> Work to be completed: Your answer must be only the lines below from the one containing "Ebebek Niloya Educational" through the one containing "Lenzuolo con angoli", copied exactly, with the pictures left out.

> Exercise data:
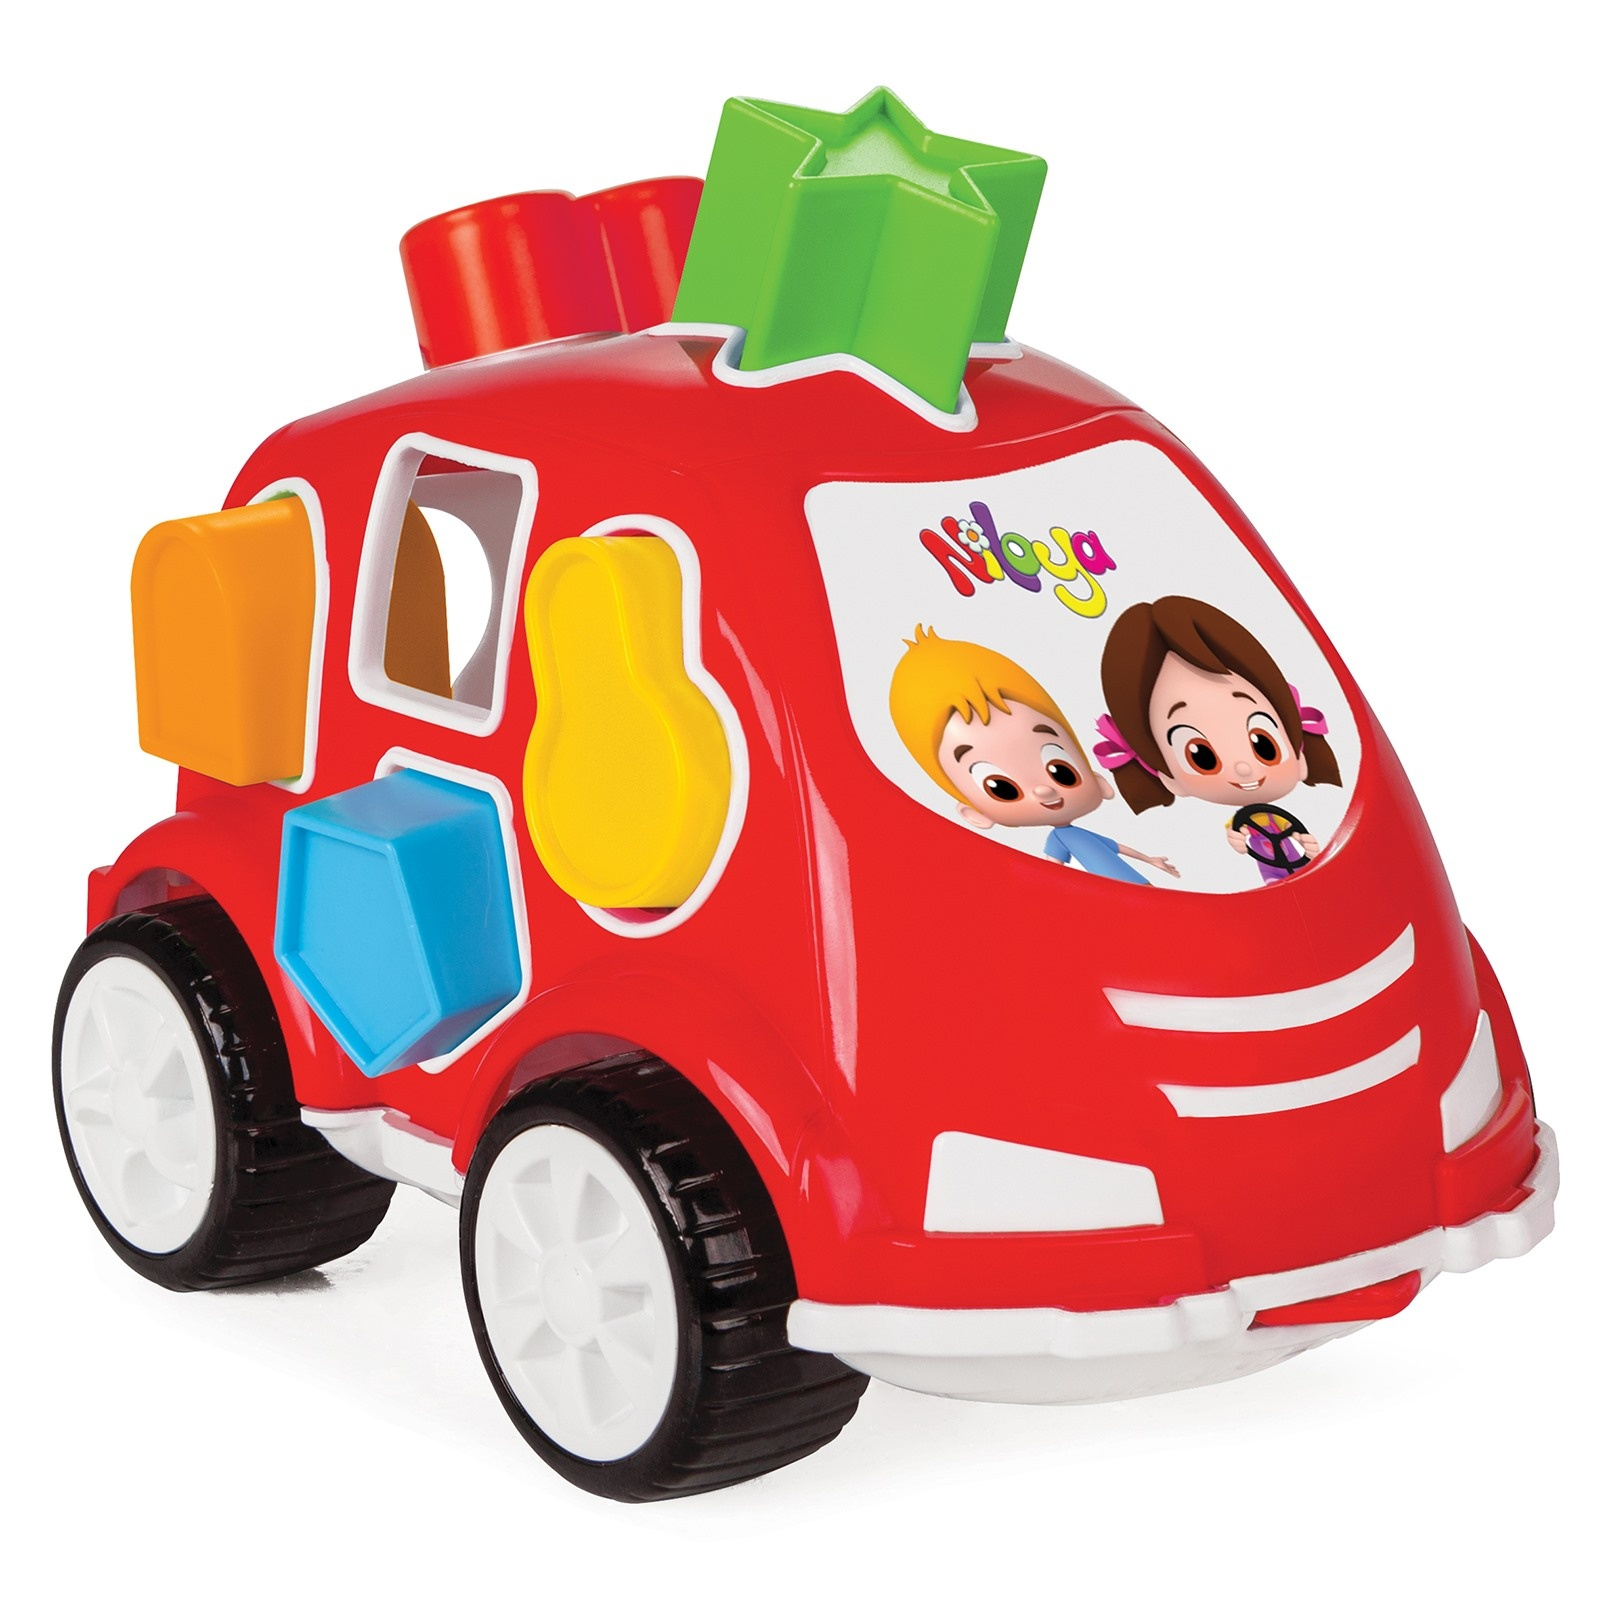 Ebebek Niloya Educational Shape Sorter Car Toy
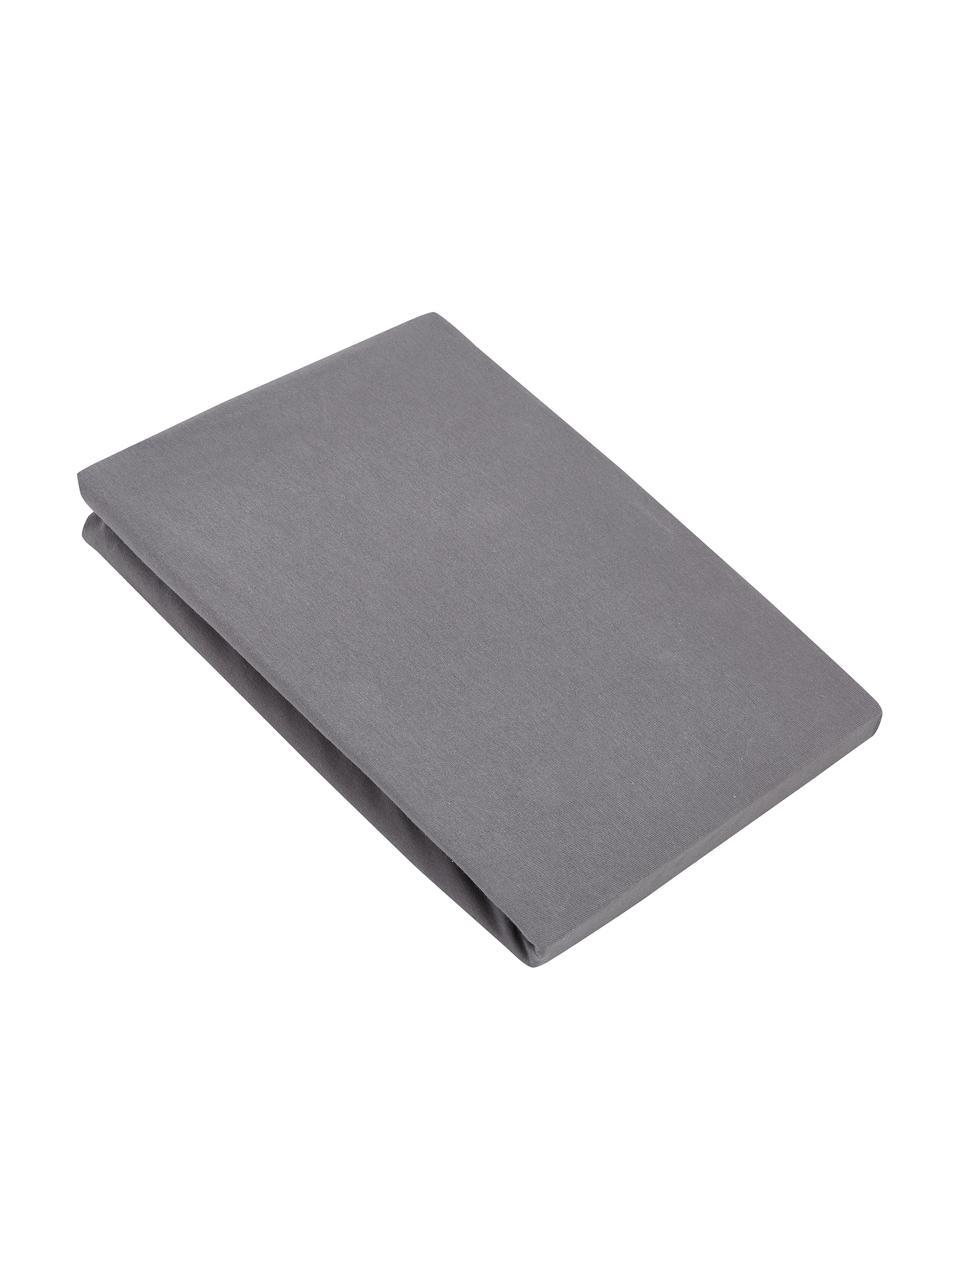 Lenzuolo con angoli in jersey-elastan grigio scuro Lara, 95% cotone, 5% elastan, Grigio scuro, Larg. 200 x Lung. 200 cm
==
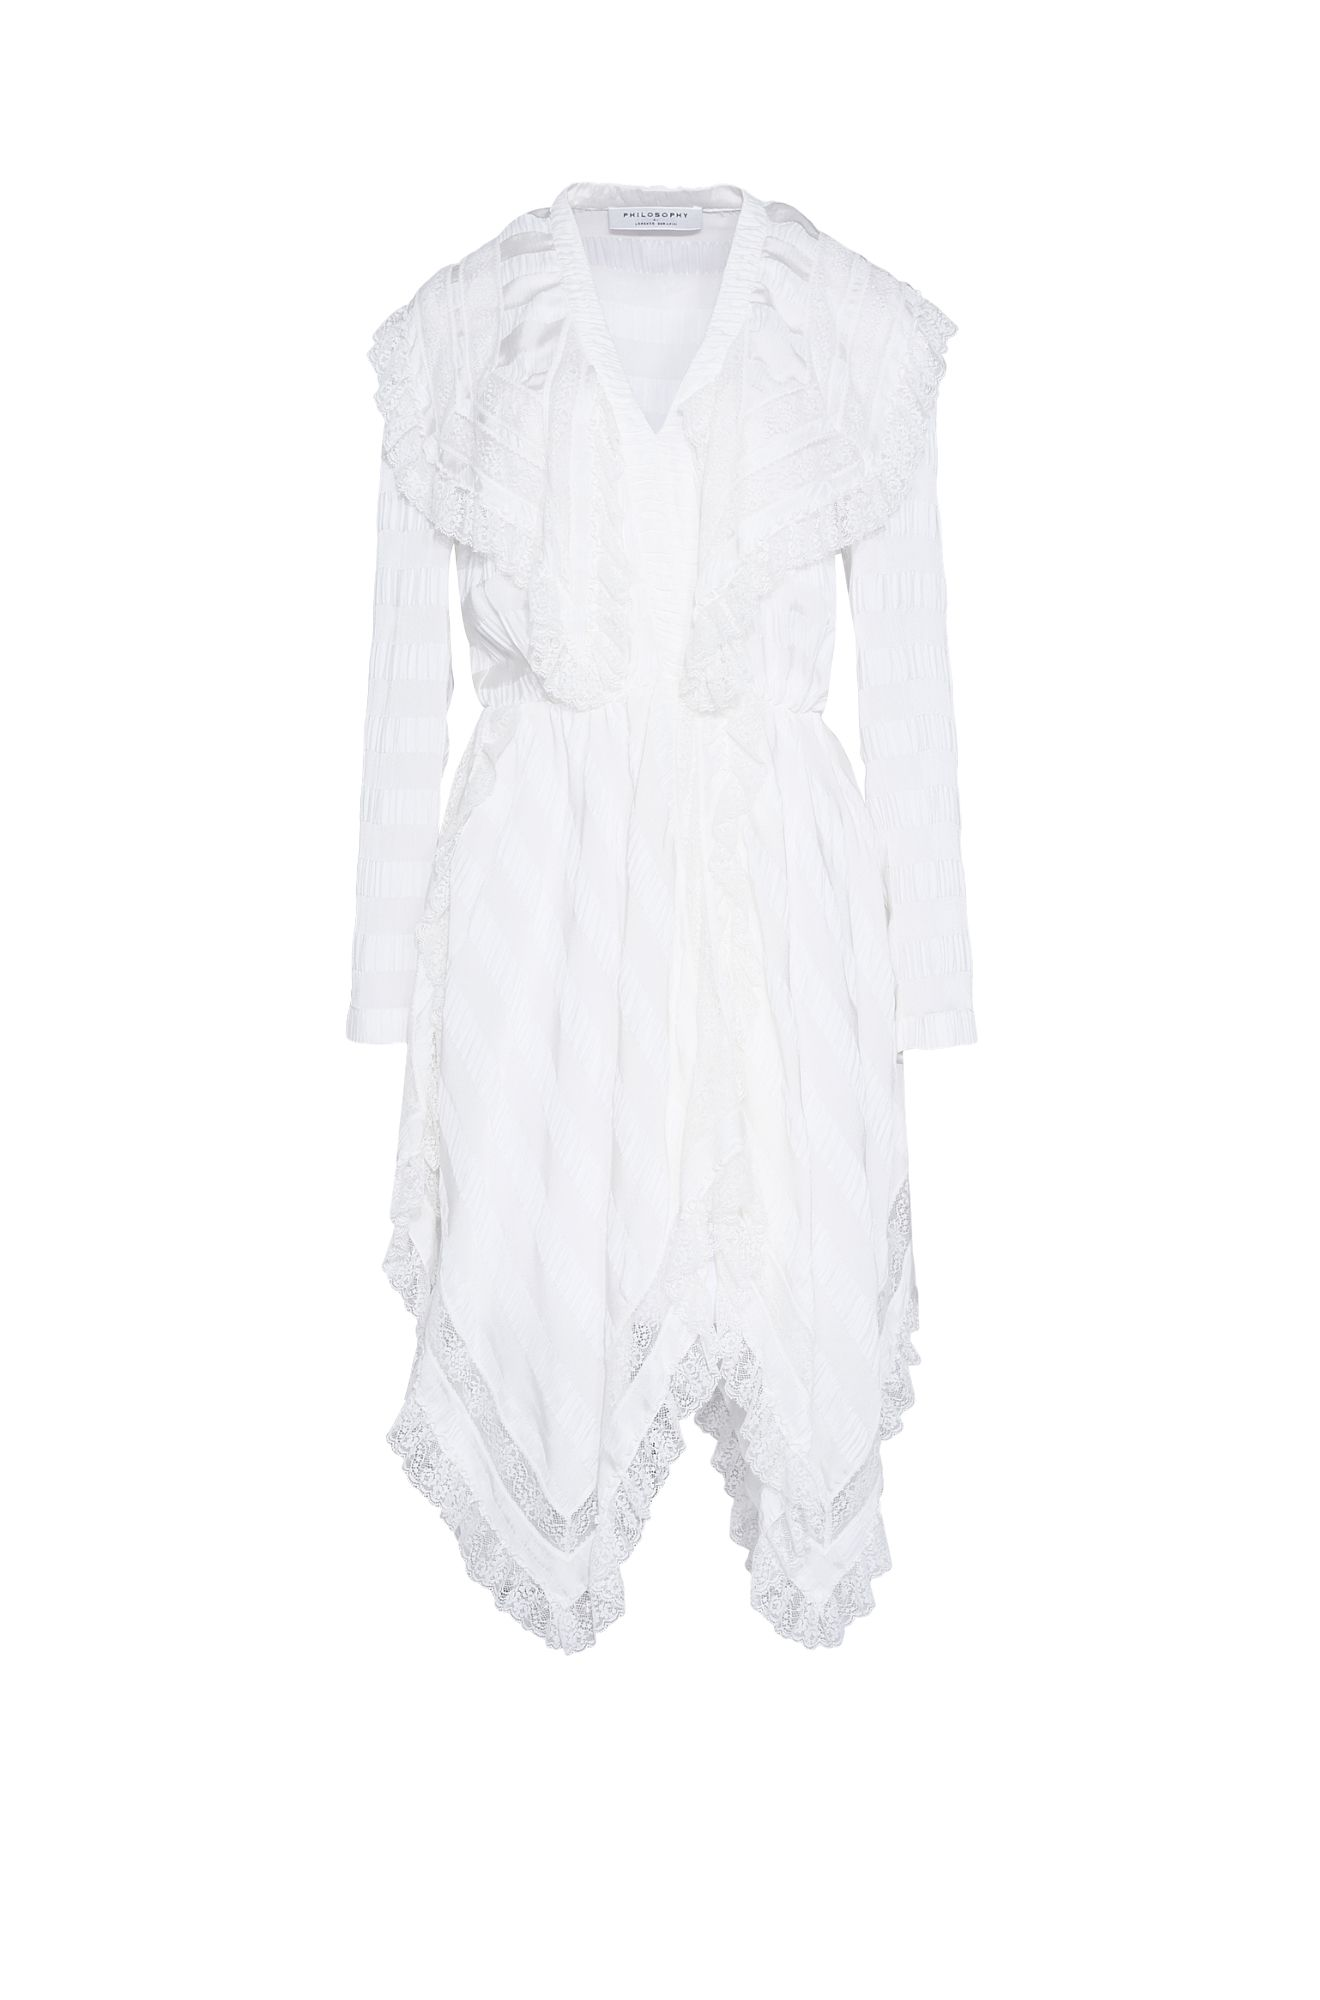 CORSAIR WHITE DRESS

> Answer to this exercise:
 Ebebek Niloya Educational Shape Sorter Car Toy
 Lenzuolo con angoli in jersey-elastan grigio scuro Lara, 95% cotone, 5% elastan, Grigio scuro, Larg. 200 x Lung. 200 cm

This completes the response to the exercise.